The clean science.exe application was signed by ‘JINHUA 9158 NETWORK SCIENCE AND TECHNOLOGY CO., LTD.’ This company is tied to the website 9158.com, which is registered to [email protected], to the organization Jinhua 9158Network Science and Technology Co., Ltd, in Hangzhou, China.
We were able to identify a number of further files in our collection that use a certificate from the same issuer; all of them were clean installers. Some of them (the 9158 KTV installers) dropped Download.exe as a component. Clearly, this application would be the source of the exploited binary.

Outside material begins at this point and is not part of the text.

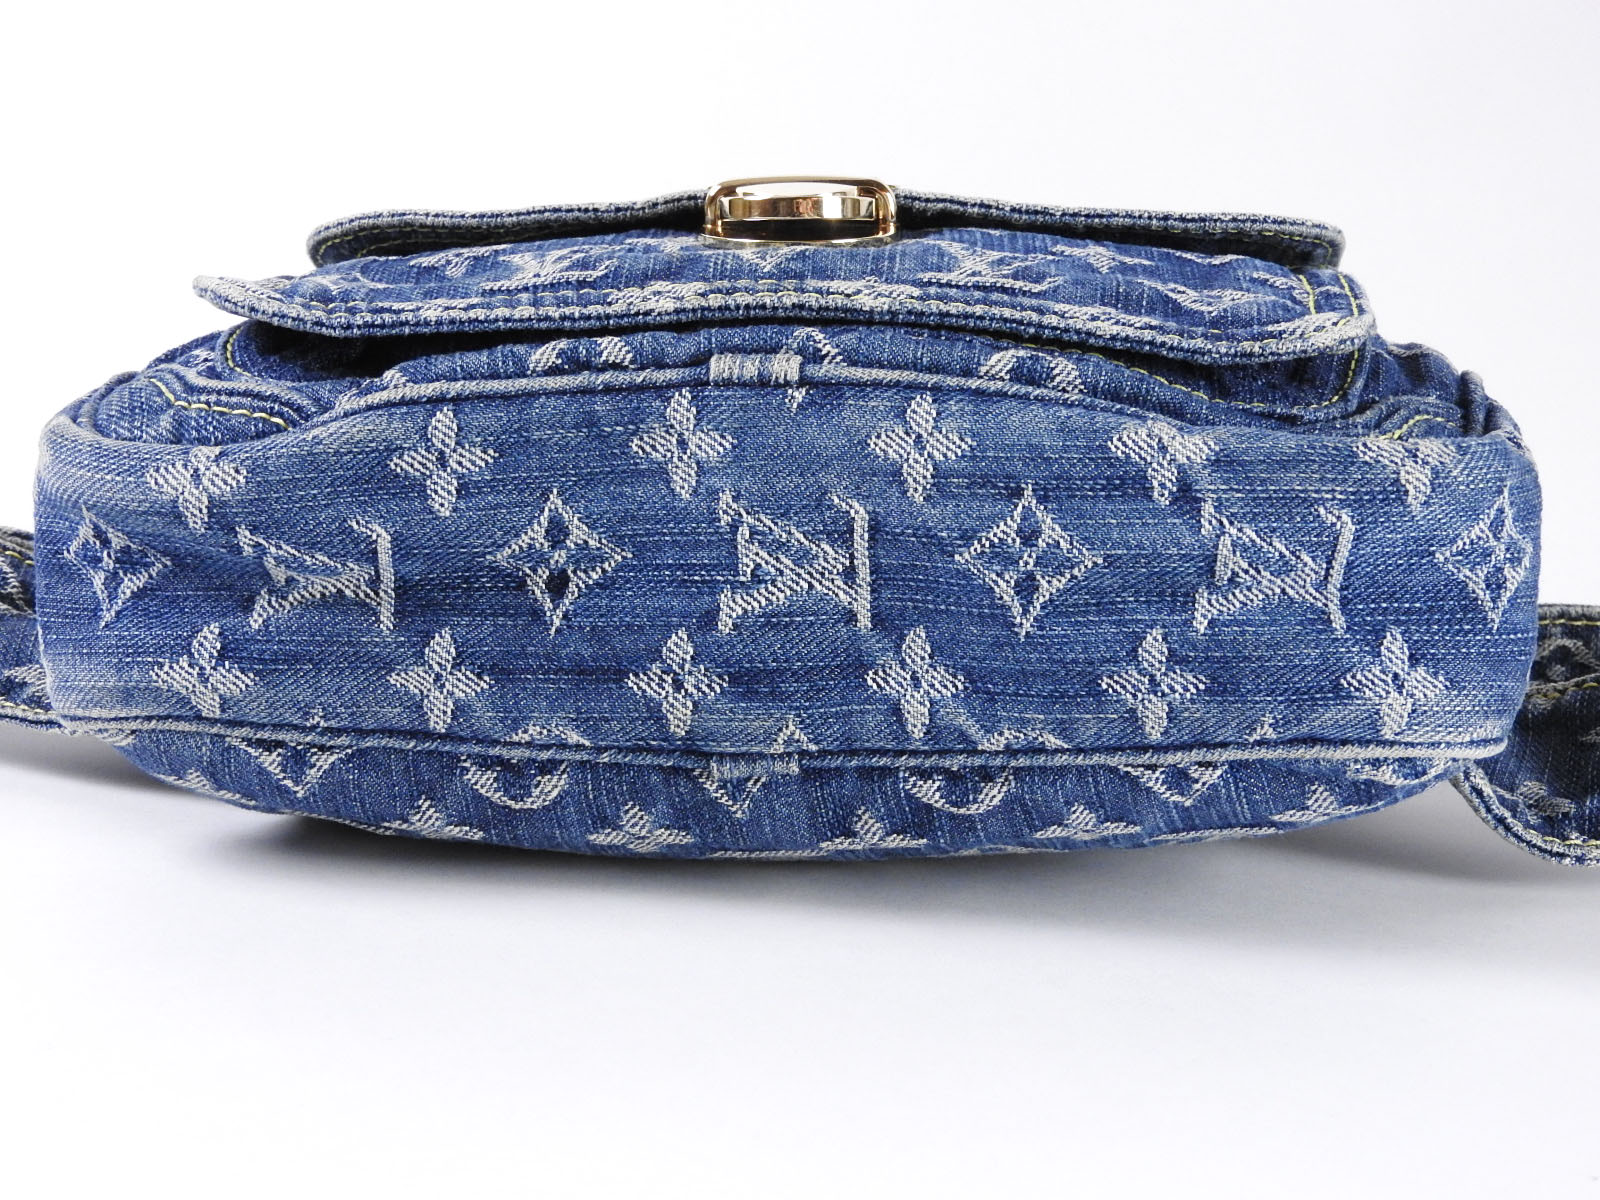 Authentic LOUIS VUITTON Bum Bag Waist Bag Monogram Denim Blue M95347 A-3865 | eBay

4d2f9aac4408237a56dadb89e256e637a703b4ee: 9158 Virtual Camera installer – looks legitimate
4d64bb02d287f2f4e3707f8f7c64a92fbe6621b5: 9158 KTV installer (a version of Download.exe is installed) – looks legitimate
4f1e67bfe5c2698698f7abffbfa740507aaaeb49 : CHOUZHOUGame (an add-on of some sort, not a standalone application) – looks legitimate
878f09552e7277544f6b3702e310757c0bde1b42: DuoDuoVideoGame installer (a version of Download.exe is installed) – looks legitimate
9e7cb141eb97e4a83946b3494344b55bbbf0691a: 9158 KTV installer (a version of Download.exe is installed) – looks legitimate
a8fb2fa2d1fdbeb45831c3ba08d6d73cd08cb44b: 9158 KTV installer (a version of Download.exe is installed – same as with 9e7cb141eb97e4a83946b3494344b55bbbf0691a) – looks legitimate
f1dae1ee4ece2d5e30b199663f721a3718a661b9: XinGuang installer – looks legitimate
Altogether, four different versions of Download.exe were found (including the one carried by the malware). Differentiating between them was made difficult by the fact that all versions had exactly the same version information, as seen on the following output of the Sysinternals sigcheck tool:
Verified: Signed Signing date: 07:20 23/02/2012 Publisher: Description: DownLoad Microsoft ??????? Product: DownLoad ???? Version: 1, 0, 0, 1 File version: 10, 3, 19, 1
Testing the other versions of Download.exe (replacing science.exe right before the CreateProcessA) caused a crash and a debug dialog pop-up. All of these variations were vulnerable to the exploitation, with the same bogus write_log() function, but due to reorganization of the code in the development process, the 0x404350 address, where the execution is re-routed does not contain the required POP RET instruction sequence. Fixing the return value could make these variants vulnerable to full exploitation as well.